WHAT YOU WILL DO - Below, locate the line that contains "Partner Black Rope". Repeat exactly from that line to the line that contains "Super Mario Bros", inclusive, leaving out the pictures.
BEGIN RECORDED INFORMATION
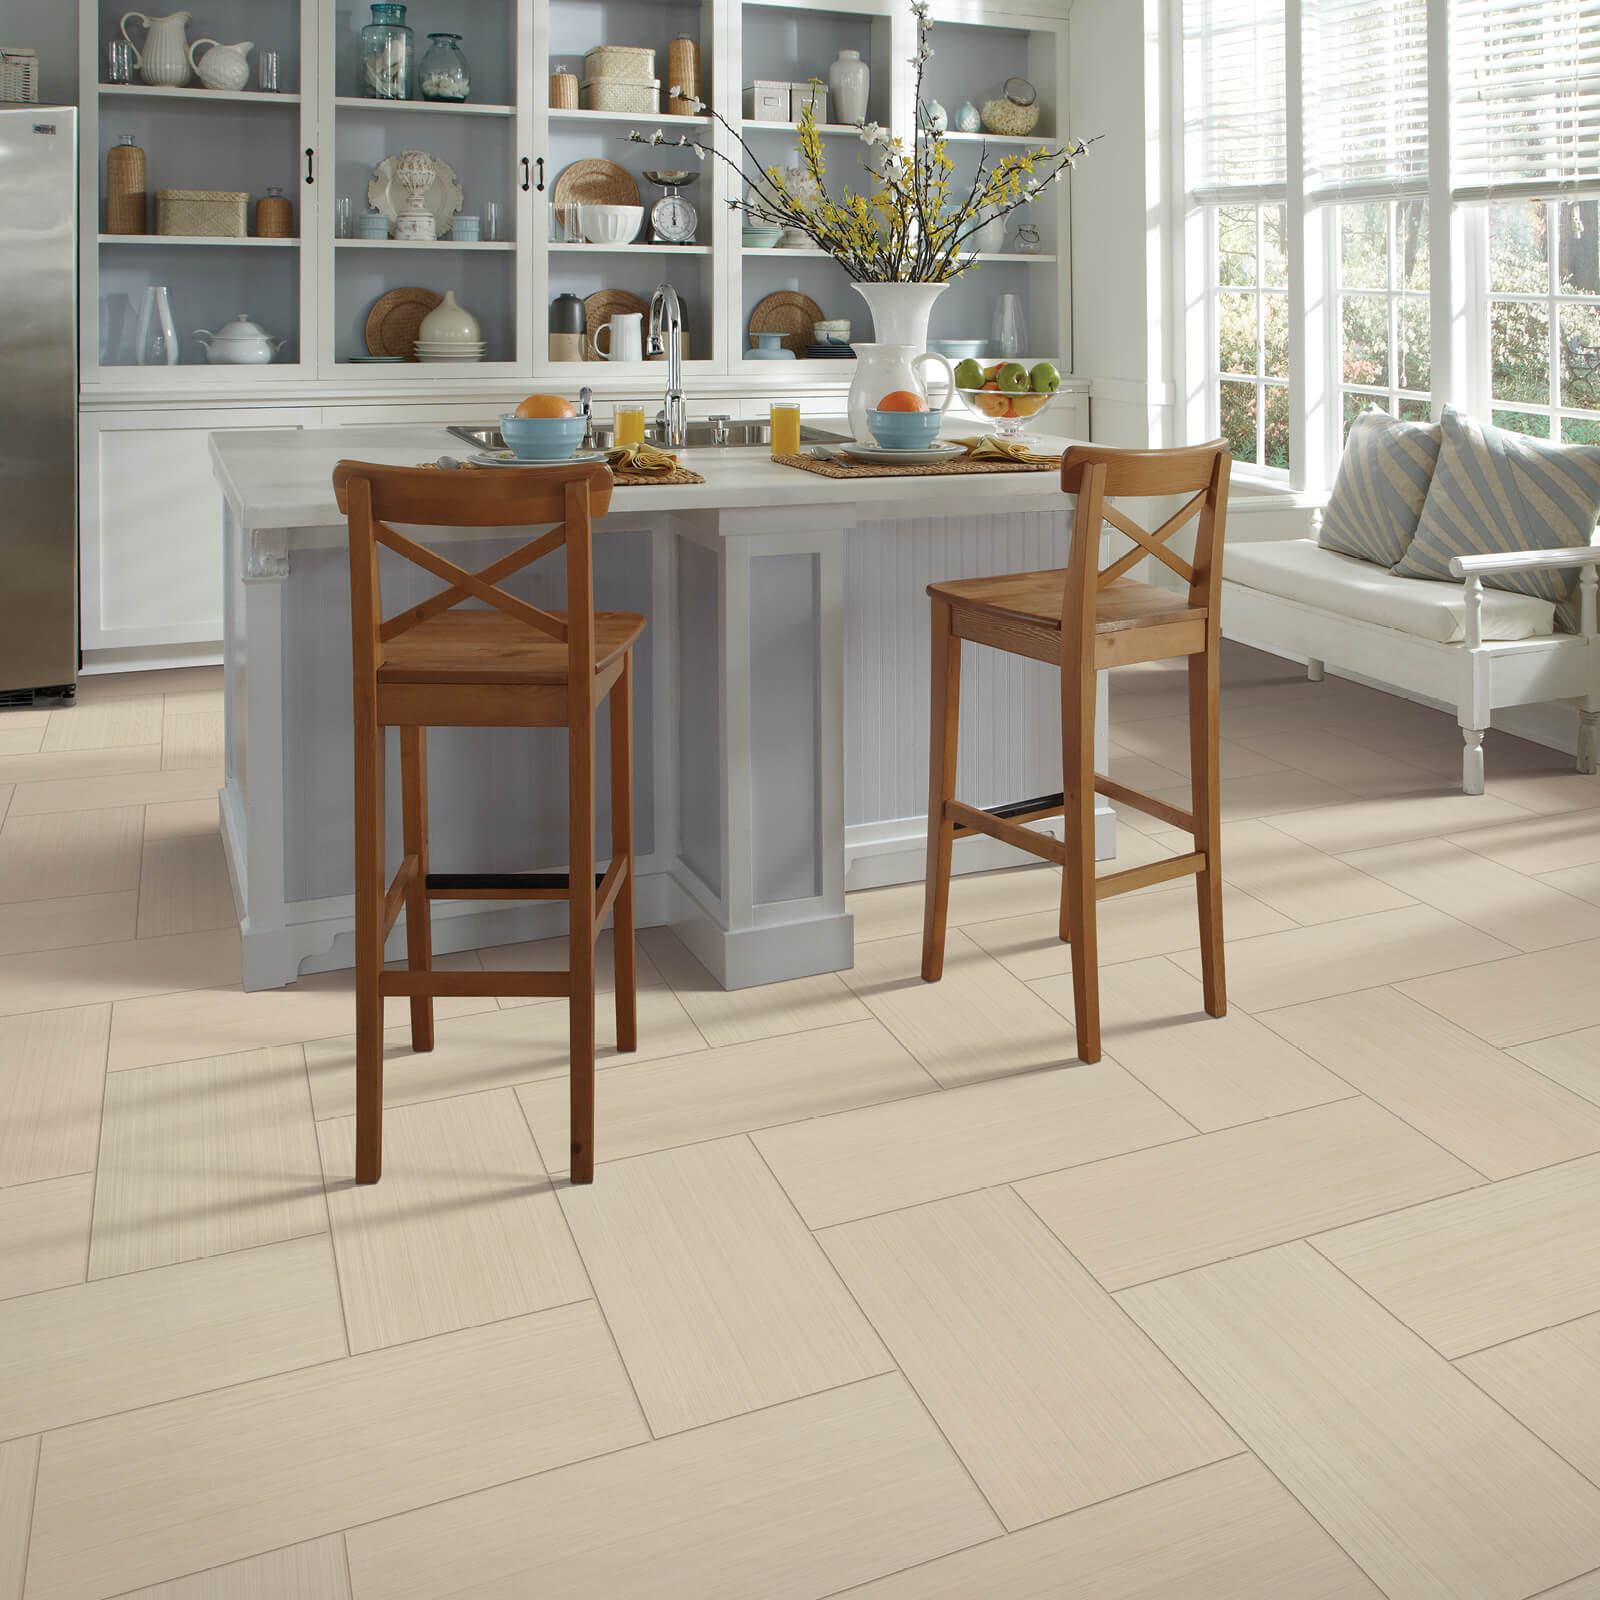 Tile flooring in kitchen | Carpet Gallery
END RECORDED INFORMATION
BEGIN RECORDED INFORMATION
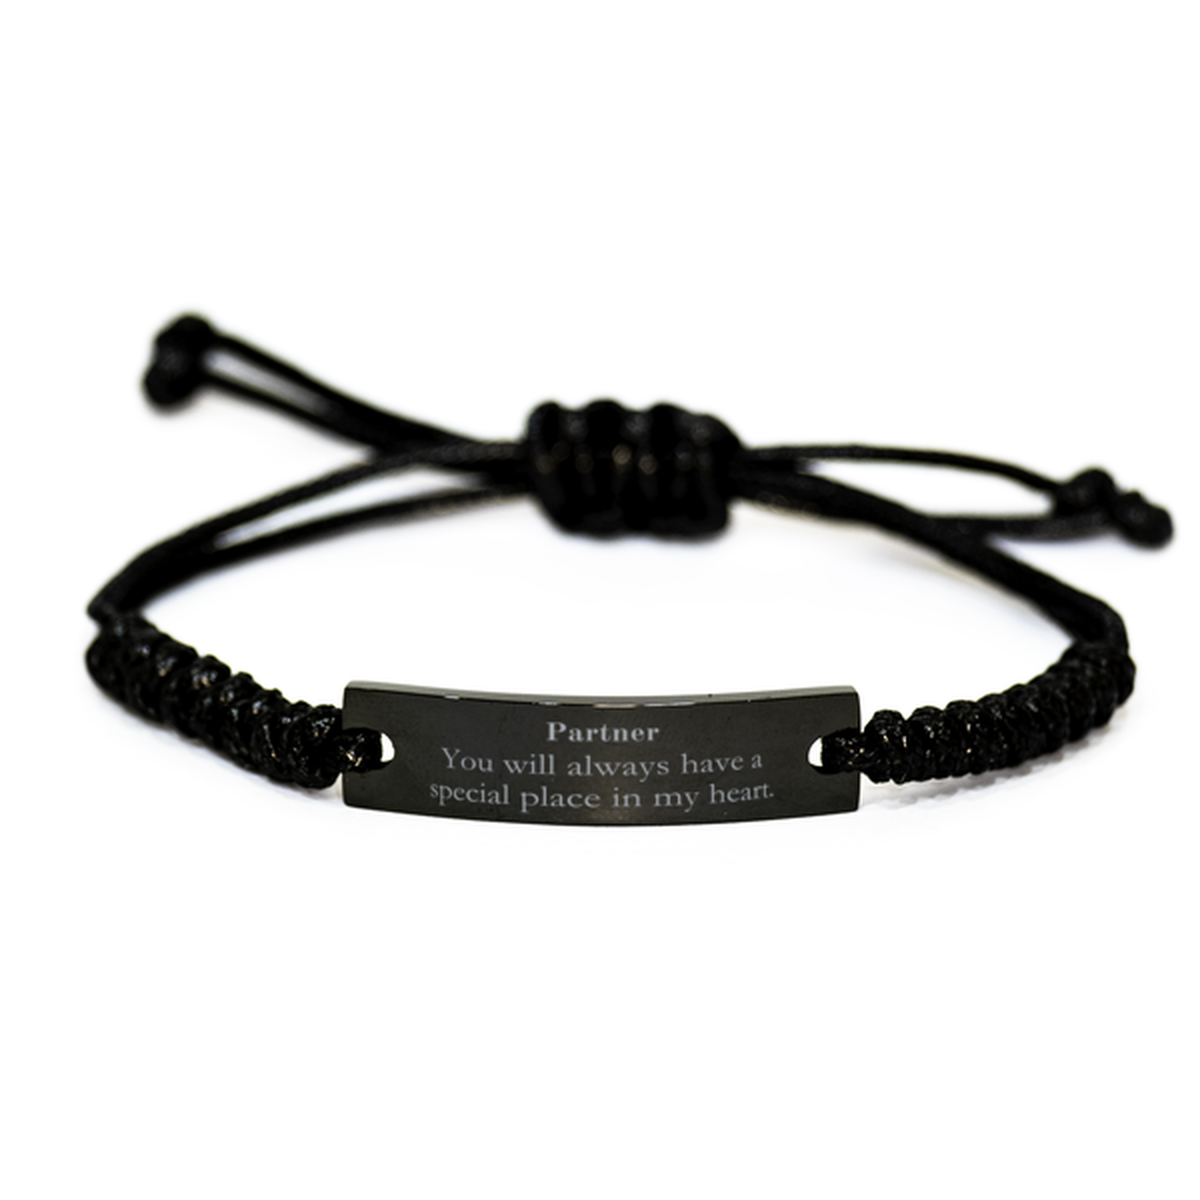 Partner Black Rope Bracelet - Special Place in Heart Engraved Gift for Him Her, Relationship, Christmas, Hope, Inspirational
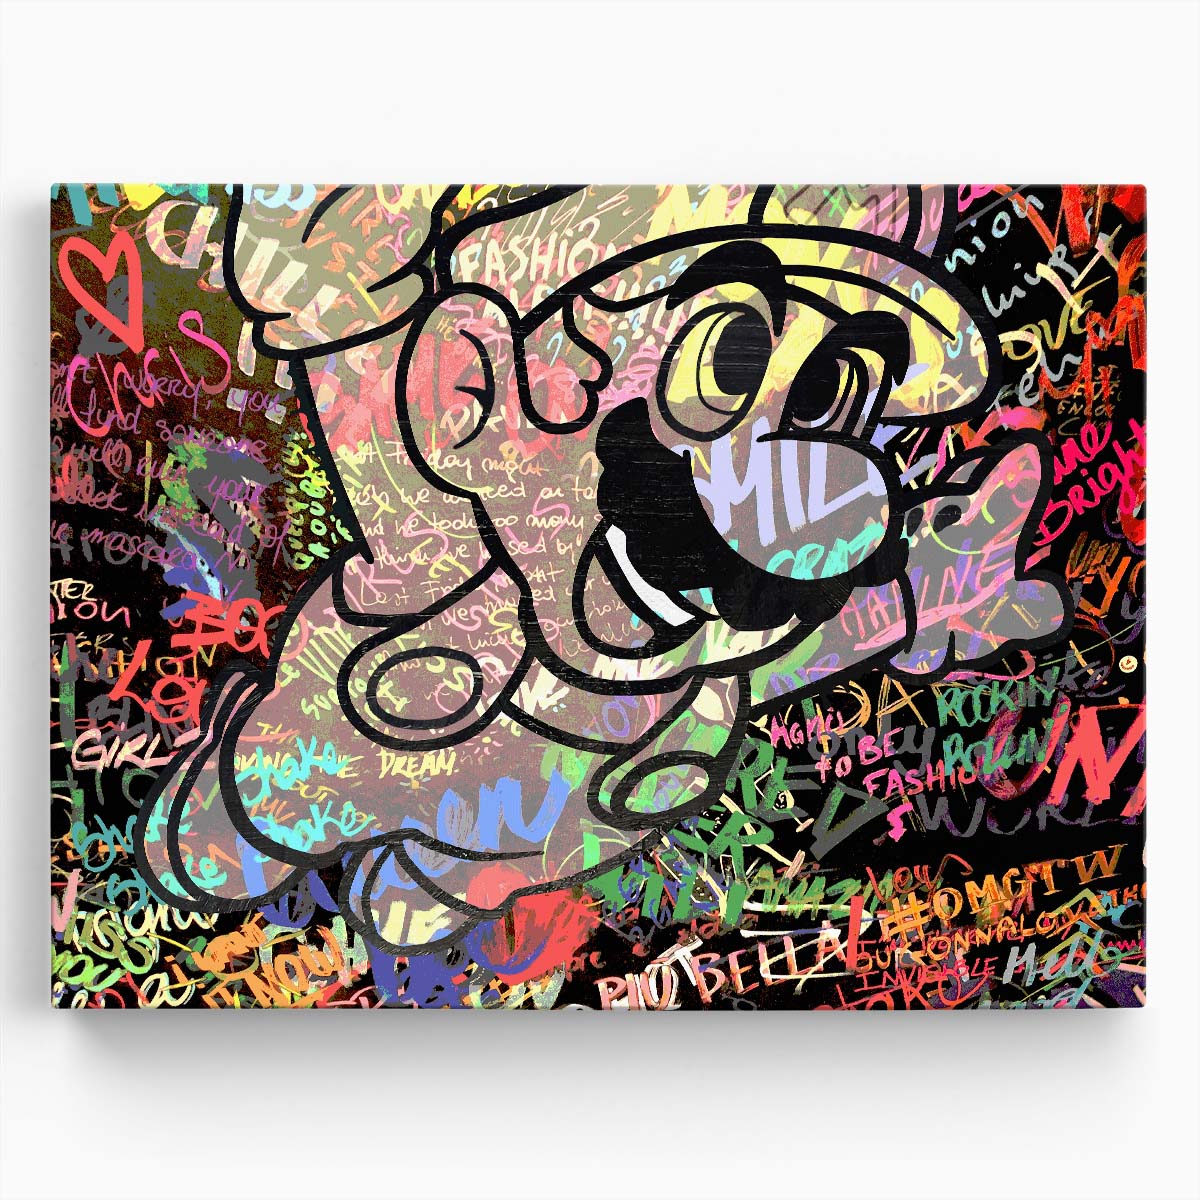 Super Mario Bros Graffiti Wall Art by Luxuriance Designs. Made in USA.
END RECORDED INFORMATION
ANSWER FOR THE TASK -
 Partner Black Rope Bracelet - Special Place in Heart Engraved Gift for Him Her, Relationship, Christmas, Hope, Inspirational
 Super Mario Bros Graffiti Wall Art by Luxuriance Designs. Made in USA.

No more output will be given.